To acquire the AlphaFold 3 PDB dataset, first download all first-assembly (and asymmetric unit) complexes in the Protein Data Bank (PDB), and then preprocess them with the script referenced below. The PDB can be downloaded from the RCSB: https://www.wwpdb.org/ftp/pdb-ftp-sites#rcsbpdb. The two Python scripts below (i.e., `filter_pdb_{train,val,test}_mmcifs.py` and `cluster_pdb_{train,val,test}_mmcifs.py`) assume you have downloaded the PDB in the **mmCIF file format**, placing its first-assembly and asymmetric unit mmCIF files at `data/pdb_data/unfiltered_assembly_mmcifs/` and `data/pdb_data/unfiltered_asym_mmcifs/`, respectively.

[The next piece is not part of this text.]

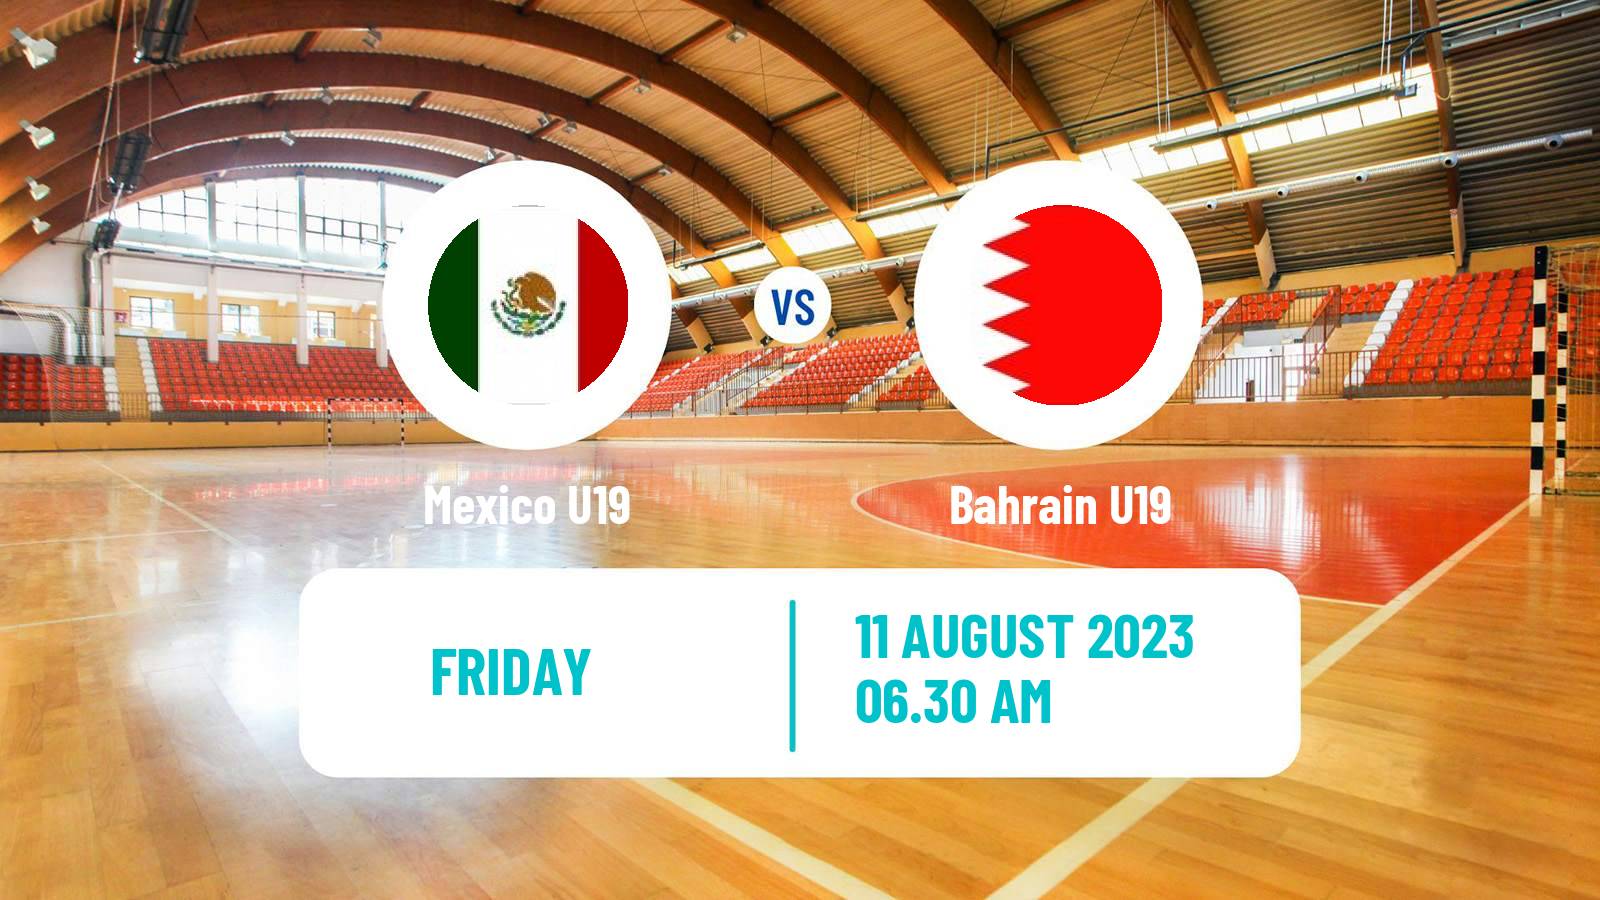 Handball World Championship U19 Handball Mexico U19 - Bahrain U19

For reproducibility, we recommend downloading the PDB using AWS snapshots (e.g., `20240101`). To do so, refer to [AWS's documentation](https://docs.aws.amazon.com/cli/latest/userguide/cli-chap-welcome.html) to set up the AWS CLI locally. Alternatively, on the RCSB website, navigate down to "Download Protocols", and follow the download instructions depending on your location.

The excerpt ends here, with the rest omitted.